- Я знаю, государь, но далеко не все потеряно.
- Сейчас от тебя требуется больше, чем от Таксила с Тиссаферном. Собирай Псов. Свора разбрелась и волки разыгрались. Мы балансируем на острие меча. В чем-то это даже хорошо. Опасность разгоняет кровь, застоявшуюся в праздности. Меня не страшит смерть. Пленение - возможно. Но думать об этом я не стану, ты знаешь меня, Киаксар. Я буду думать о будущем. А будущее в любом случае туманно. Сулла рассеял войска Архелая. Теперь этот Фимбрия... Мы упустили поводья, Киаксар.
- Мы упустили их еще четыре года назад, отказав в помощи быку. А бык не смог поднять на рога волчицу в одиночку.
- Не напоминай мне! Да, тогда все казалось иным! И как легко все начиналось.

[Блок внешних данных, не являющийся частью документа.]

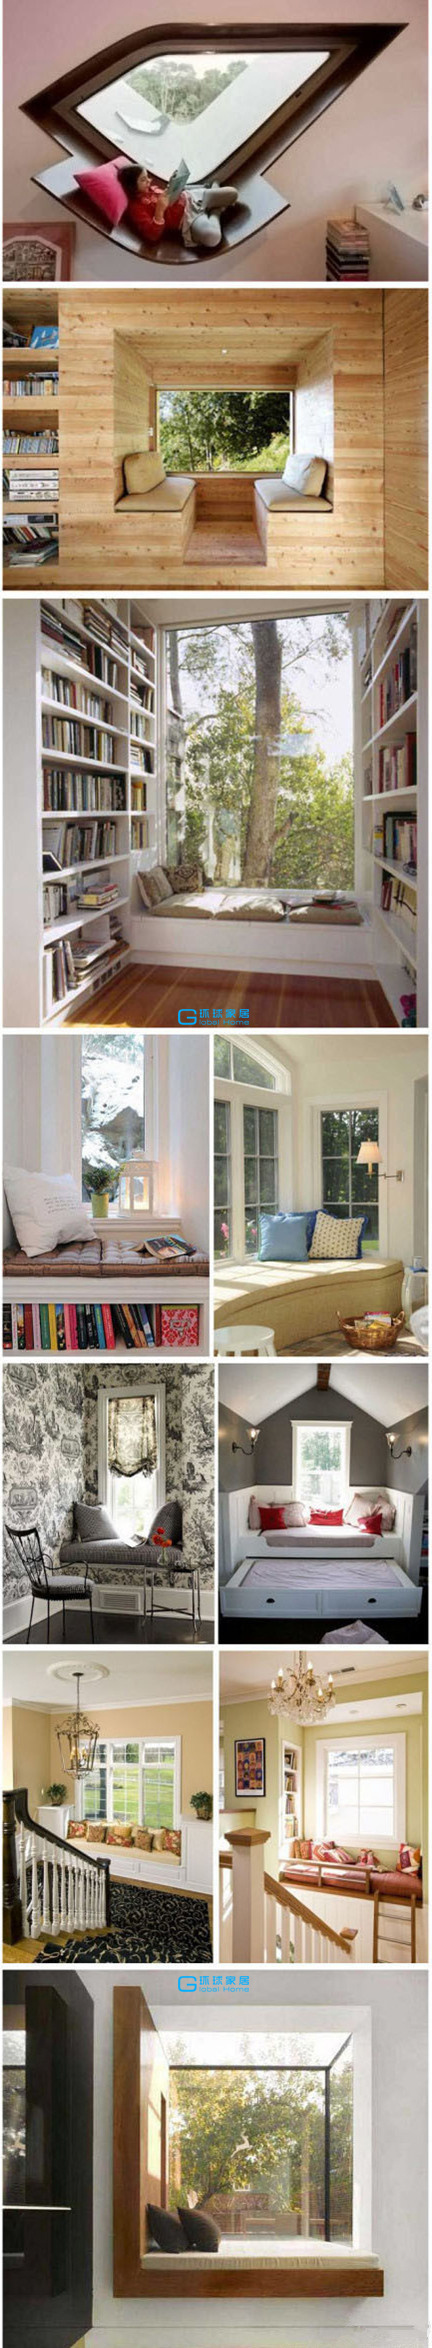 窗台 现代图片来自用户2746889121在家居创意的分享
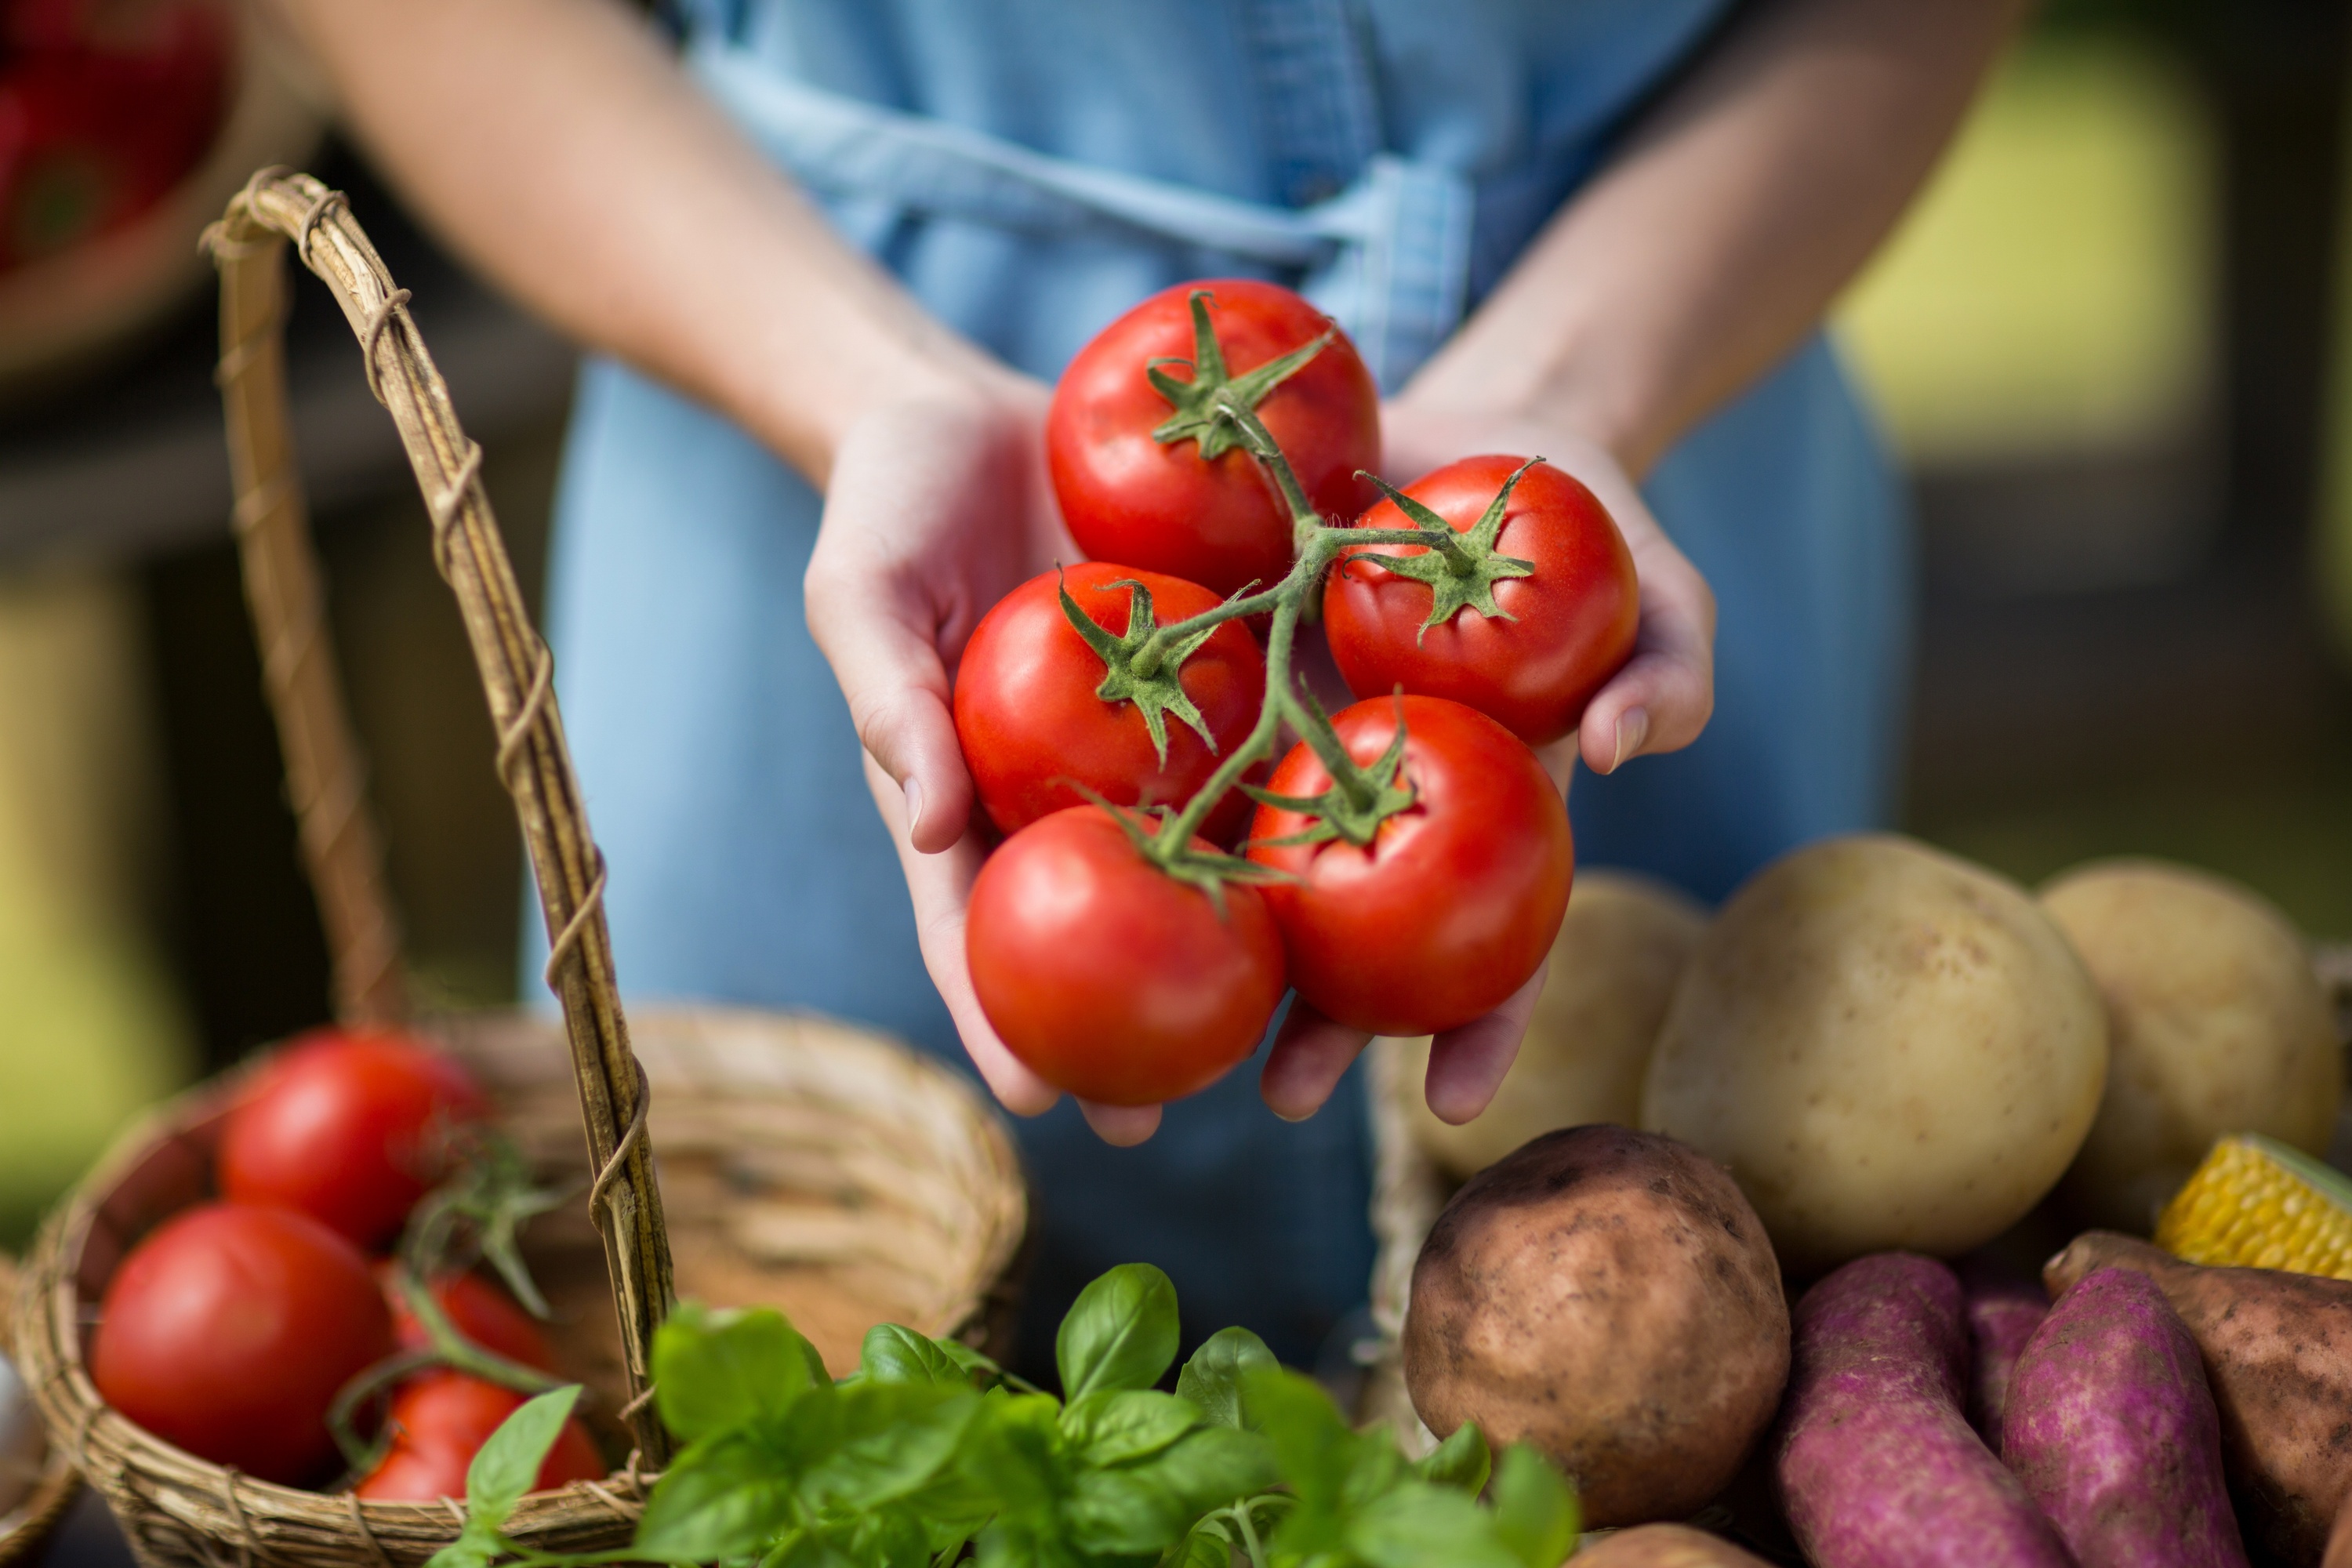 Les tomates et les pommes de terre contiennent des glycoalcaloïdes, des composés susceptibles de présenter des propriétés antitumorales efficaces. © WavebreakMediaMicro, Adobe Stock

- Мой царь, я все же осмелюсь напомнить тебе, что из любой ситуации есть два выхода. И это количество я, по мере моих скромных сил, всегда стремлюсь умножить.
- Те возможности уже потеряны?
- Не знаю, мой царь.
- Ты? - удивленно поднял бровь Митридат, - не знаешь?
- Да, не знаю, хоть ты и редко слышишь от меня подобные слова. Но скоро буду знать, - уверенно сказал Киаксар.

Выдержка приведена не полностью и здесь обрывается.